The Australian men's national basketball team, nicknamed the Boomers after the slang term for a male kangaroo, represents Australia in international basketball competition.

Since the late 1980s, Australia has been placed among the world elite teams as the Boomers have reached the semi-finals at both Summer Olympic Games and FIBA World Cup on many occasions. Originally a member of the FIBA Oceania region, Australia nowadays competes at the FIBA Asia Cup where the Boomers were the dominant team at their first appearance. The FIBA Oceania Championship mostly consisted of a three-match competition against the other regional power, the New Zealand Tall Blacks.
Before the formation of the National Basketball League (NBL) in 1979, Boomers players were selected from state leagues around the country, with Victoria, South Australia, and to a lesser extent New South Wales the dominant states. After the formation of the NBL, players began to be selected almost exclusively from that competition during the 1980s and 1990s.

Occasionally players were selected from outside the NBL. Mark Bradtke made his Boomers debut in 1987 while attending the Australian Institute of Sport (AIS) before he entered the NBL. Luc Longley made his debut in 1988 while playing college basketball in the United States. Other Australian players enter the Euroleague and the National Basketball Association (NBA) in the U.S. The Boomers's roster for the 2014 World Cup included five NBA players: Cameron Bairstow with the Chicago Bulls, Aron Baynes with the San Antonio Spurs, Matthew Dellavedova with the Cleveland Cavaliers, and Dante Exum and Joe Ingles with the Utah Jazz. Three other players who were ruled out of the World Cup due to injury also played or would later play in the NBA, namely Andrew Bogut, Ben Simmons and Patty Mills.

Several players on youth national teams are student athletes at the AIS or in the US college basketball system. Some players (e.g. Longley) made the senior national team while at US schools. By the early 21st century, almost half of the squad played outside Australia. For the 2012 London Olympic Games, only two members of the Australian squad were based in the country – Peter Crawford and Adam Gibson, with the latter being the only Australia-based member of the 2014 World Cup squad. 
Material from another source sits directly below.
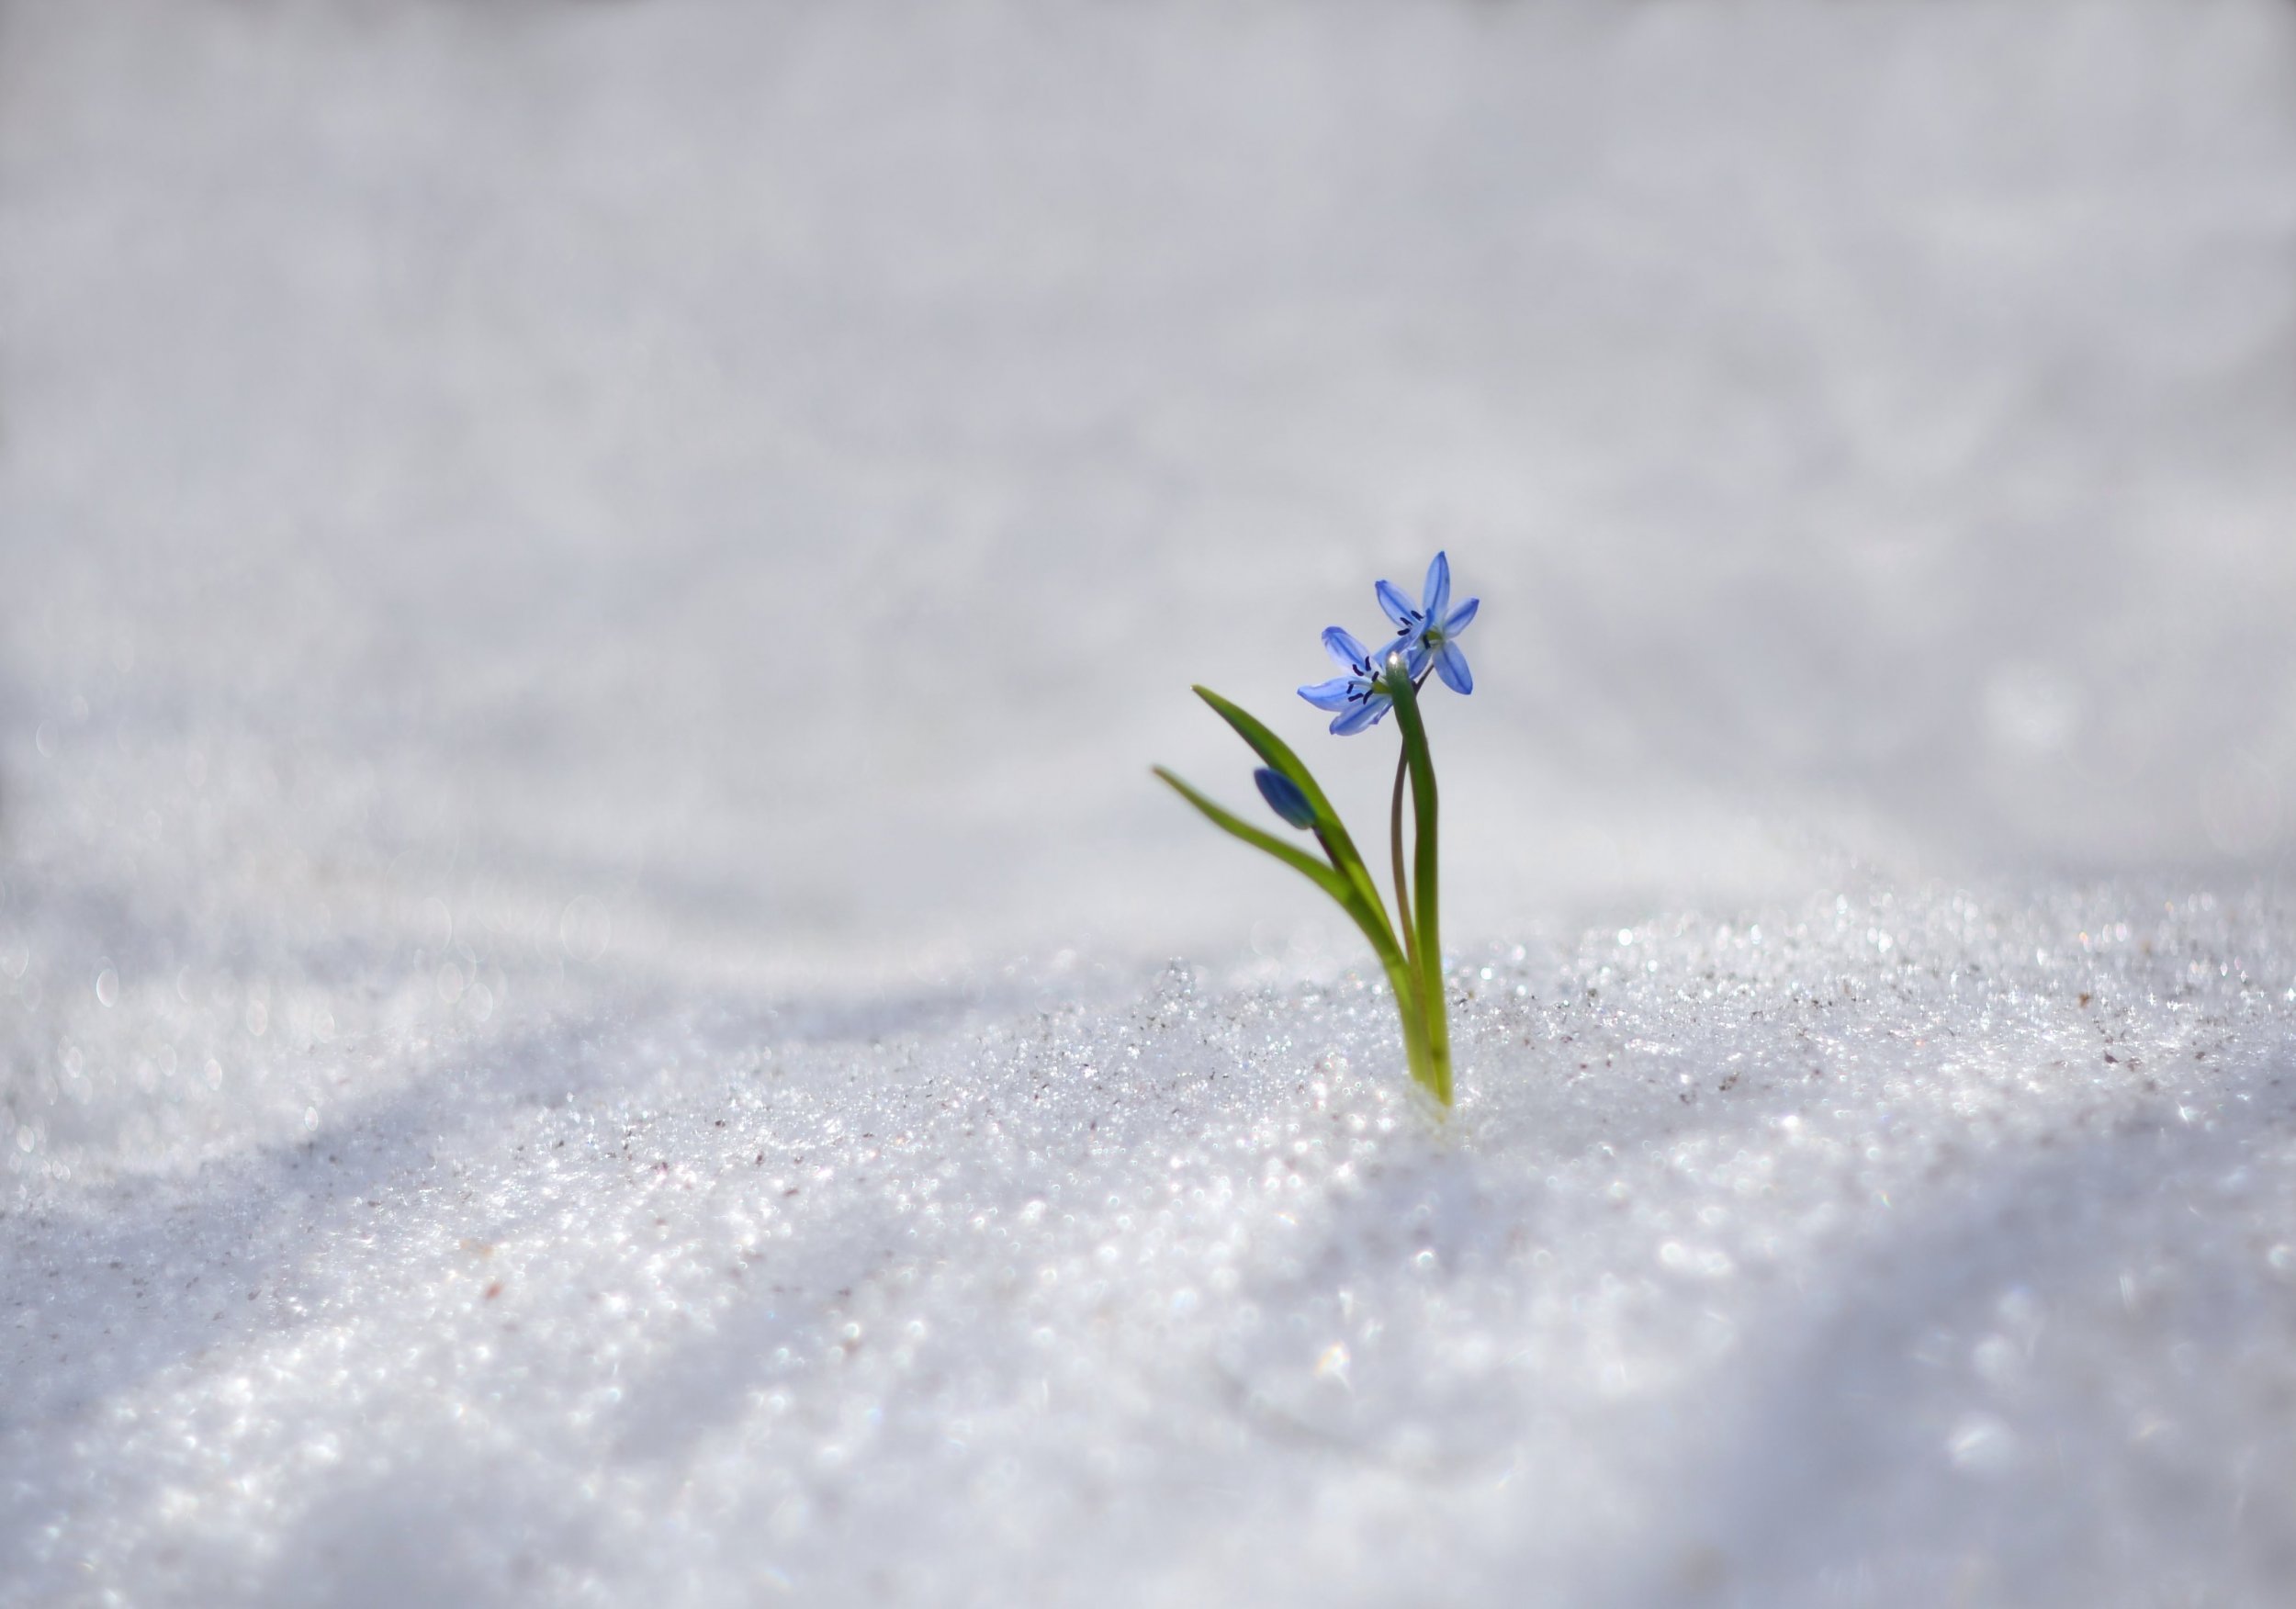 Читать и смотрели пролески сквозь снег. Цветы в снегу фото. Прорастает сквозь снежок к солнечным лучам цветок маленький и нежный. Заснеженные низины. Картинка сквозь снег вырос цветок.

Australia has participated in the Olympic men's basketball tournaments 15 times. The Boomers won a bronze medal against Slovenia in the 2020 Olympic Games, making Australia the first team from outside the Americas and European regions to ever win a medal at the event. Australia has also participated in 12 FIBA World Cups without winning a medal, making Australia the nation with the third-most appearances at the tournament without winning a medal, behind Canada and Puerto Rico (both 14).

History

Pre-1970s
Australia debuted on the international stage at the 1956 Summer Olympic Games held in Melbourne. Australia did not fare well in the competition, as they defeated only two sides (Singapore and Thailand), finishing 12th. The seeds were sown for Australia to become a regular team in international events.

After not qualifying for the 1960 Summer Olympic Games in Rome, Italy, Australia returned to compete at the 1964 Tokyo Summer Olympic Games. The Australians improved on their position in Melbourne, to be ranked ninth at the completion of the games. After failing in their bid to qualify for the 1968 Summer Olympics in Mexico City, the Australians were left in international isolation.

1970–80s
They did not play again in a major international tournament until 1970, when the team qualified for the FIBA World Championship for the first time. The team finished in 12th place, with their sole victory coming over the United Arab Republic.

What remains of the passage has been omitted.